Best Channel Marketing Initiative: Softchoice
Softchoice tops in marketing
By Paolo Del Nibletto
Toronto-based Softchoice Corp., one of the nation’s biggest large account resellers, was faced with a customer dilemma.
It needed to provide product overview information, order fulfilment information and SKU numbers on everything it sells. But with the market evolving almost daily, the company had to be an influencer of technology as well.

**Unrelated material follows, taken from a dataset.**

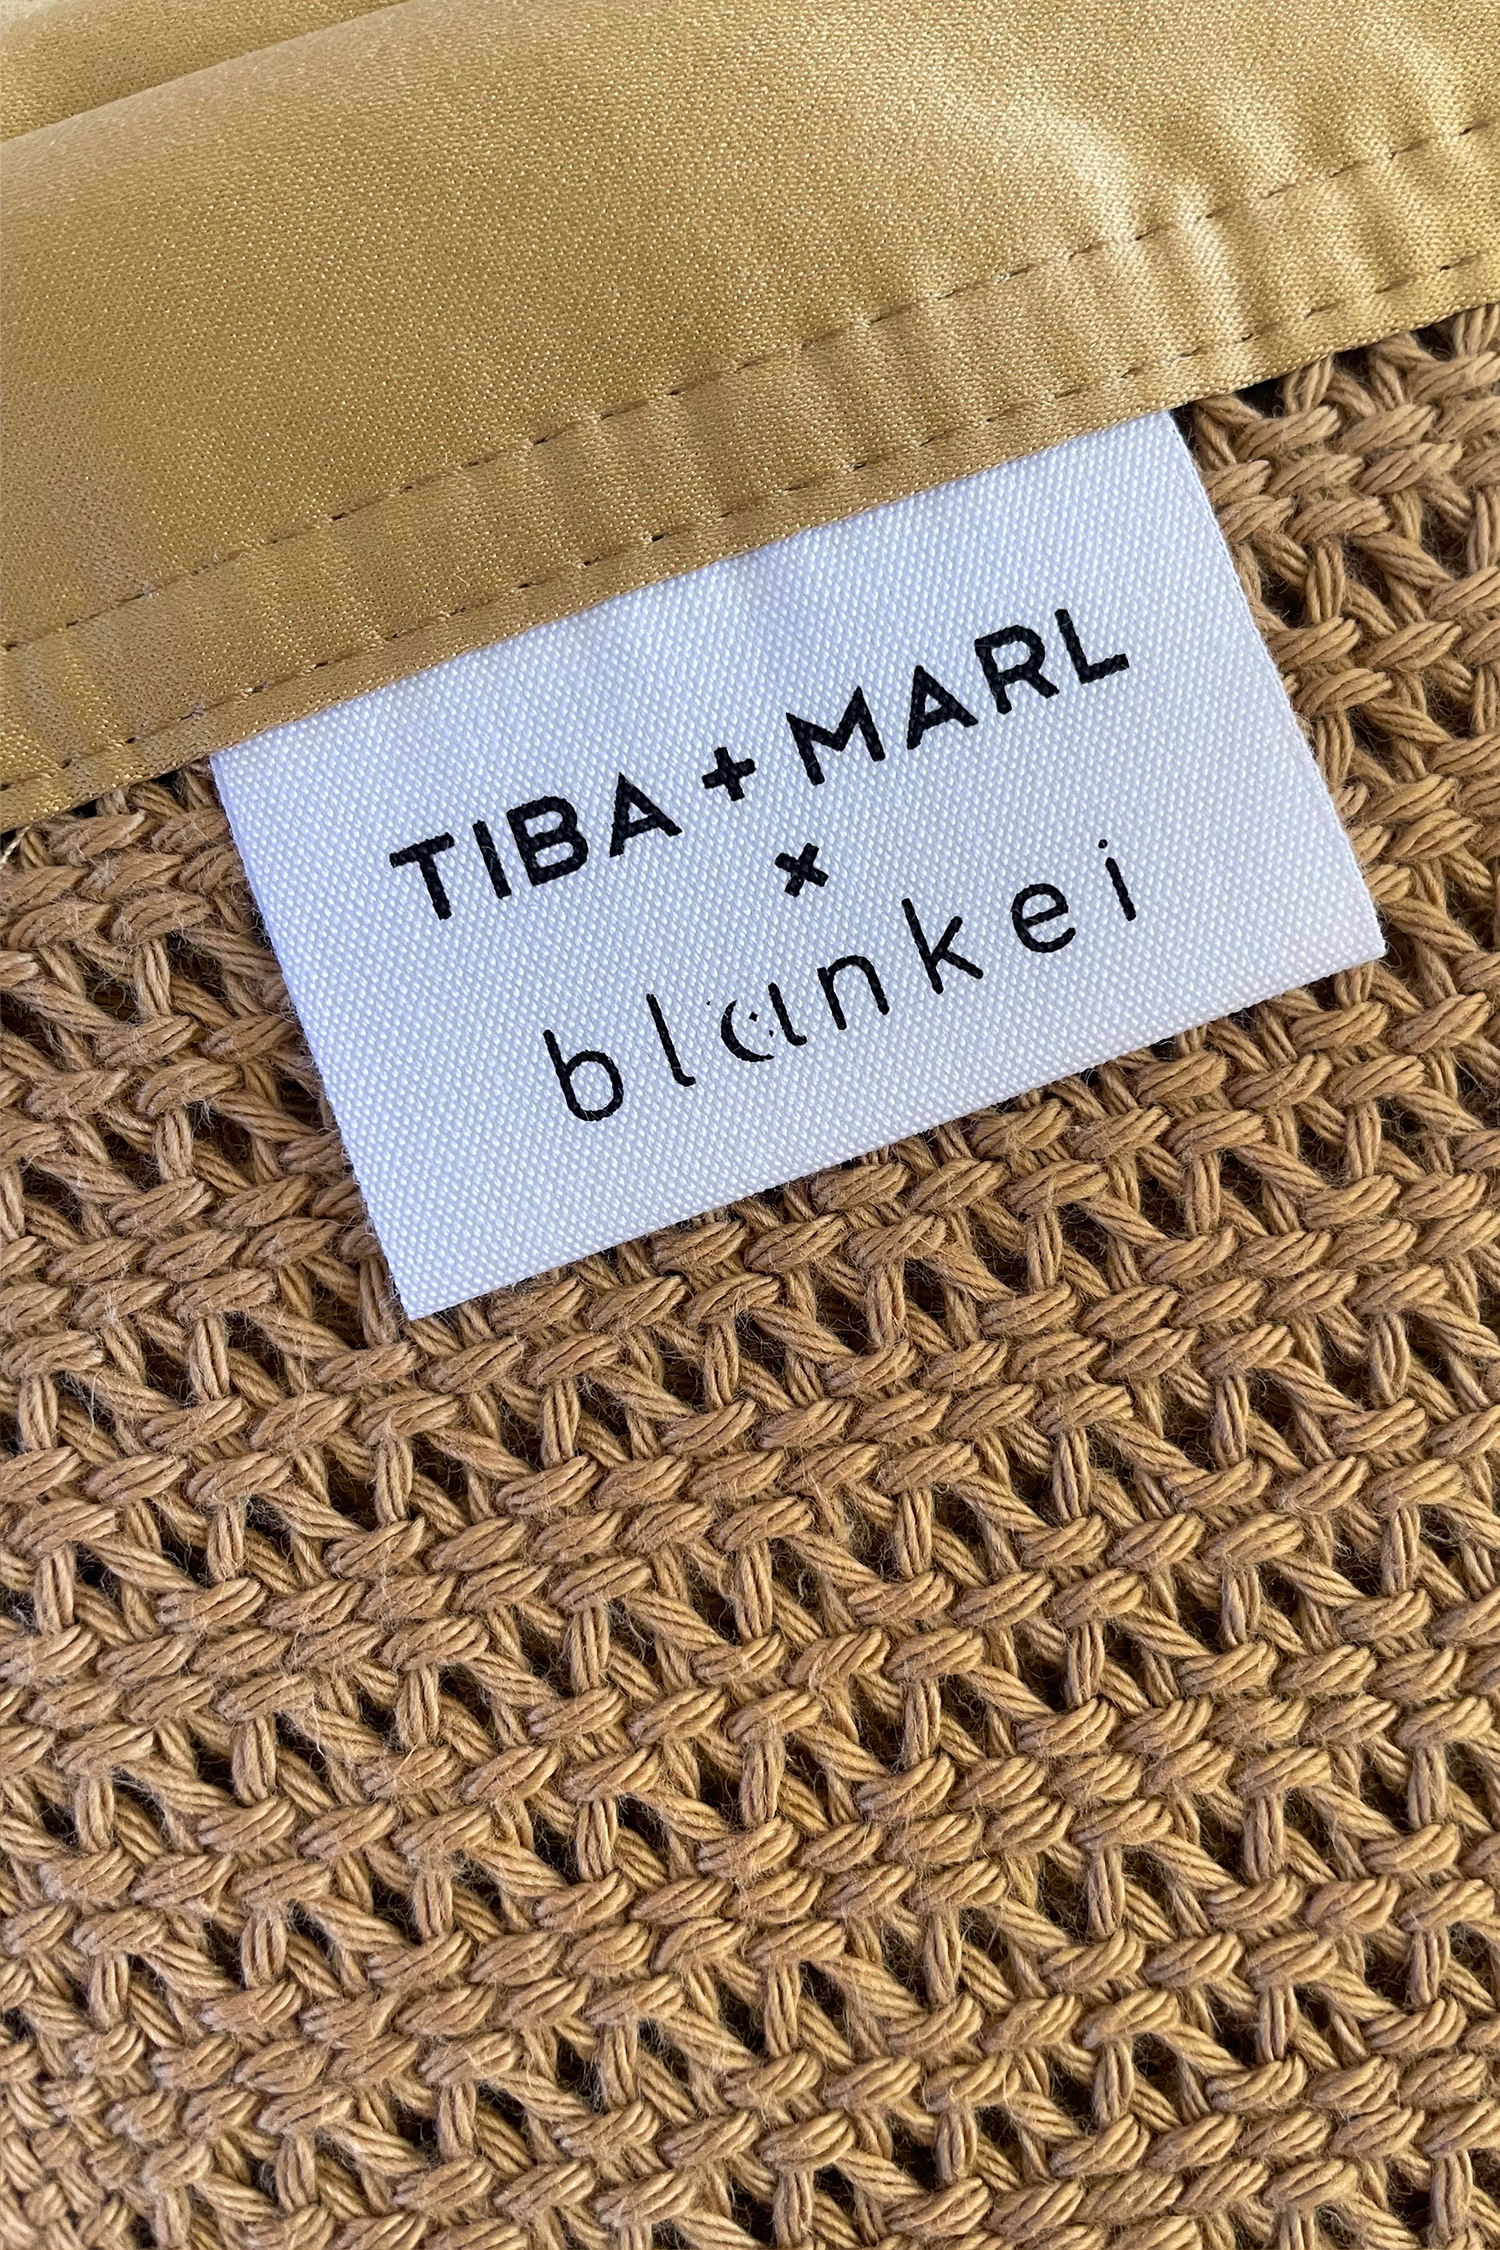 T+M x Blankei Organic Cotton Cellular Blanket Caramel

Communications manager Eric Gardiner and his team wanted to create a marketing solution that provided value to customers.
“We wanted it to be more of a magazine than a catalogue,” he said.
“We wanted it to reflect the approach we were taking with customers. Businesses are looking towards IT departments to deliver measurable value and expectations have changed. So it has changed here at Softchoice.”
With the Softchoice Advisor series of books, customers can find the latest trends, discover stories on strategy in obtaining IT and learn how to get back measurable ROI.
“We built the catalogue around that concept,” Gardiner said, “and about 70 per cent is editorial content and the rest is product placement.”
The majority of the work was done inhouse, he said. Softchoice has employees knowledgable in areas of purchasing security, storage and Microsoft licensing.
When customers began asking the company about issues such as PC lifecycle management, protection against software threats, the cost of IT infrastructure, the team came with more creative ideas for the catalogue.
“It’s more about value-added content than product and price. It’s more of a strategic view and it positions us as a trusted advisor because our people are driving that content,” Gardiner said.
In 2005, Softchoice produced Advisor guides for Microsoft technology, security, storage and hardware. This year Softchoice is working on an advisor guide for Windows Vista.
Some of the topics include understanding the new operating system and its features, and how to make sure the hardware is ready for the new OS.
“A lot of the other stuff has a small lifespan, but this is more of a reference guide. Customers can refer back to it when they are looking at making a hard decision on storage,” he said.
The Softchoice Advisor books go to sales people and to potential customers. It has become the solution providers’ second-best lead generation piece behind the company’s brochure.
But Gardiner cautions that this type of marketing initiative is not easy to do.
First, you have to have the people who have business expertise in storage and security and understand the market. They also must know how to write in a professional way. To do this kind of project in-house you must also have a design team, he said.
“It’s possible, but when you factor in marketing, assembly, and the design work you can see that this cannot be done by all. And, it can’t be outsourced either because there are too many components. It is very niche,” he said.
Sona Computer Group of Ottawa and Compugen of Richmond Hill, Ont., tied for the silver award in this category.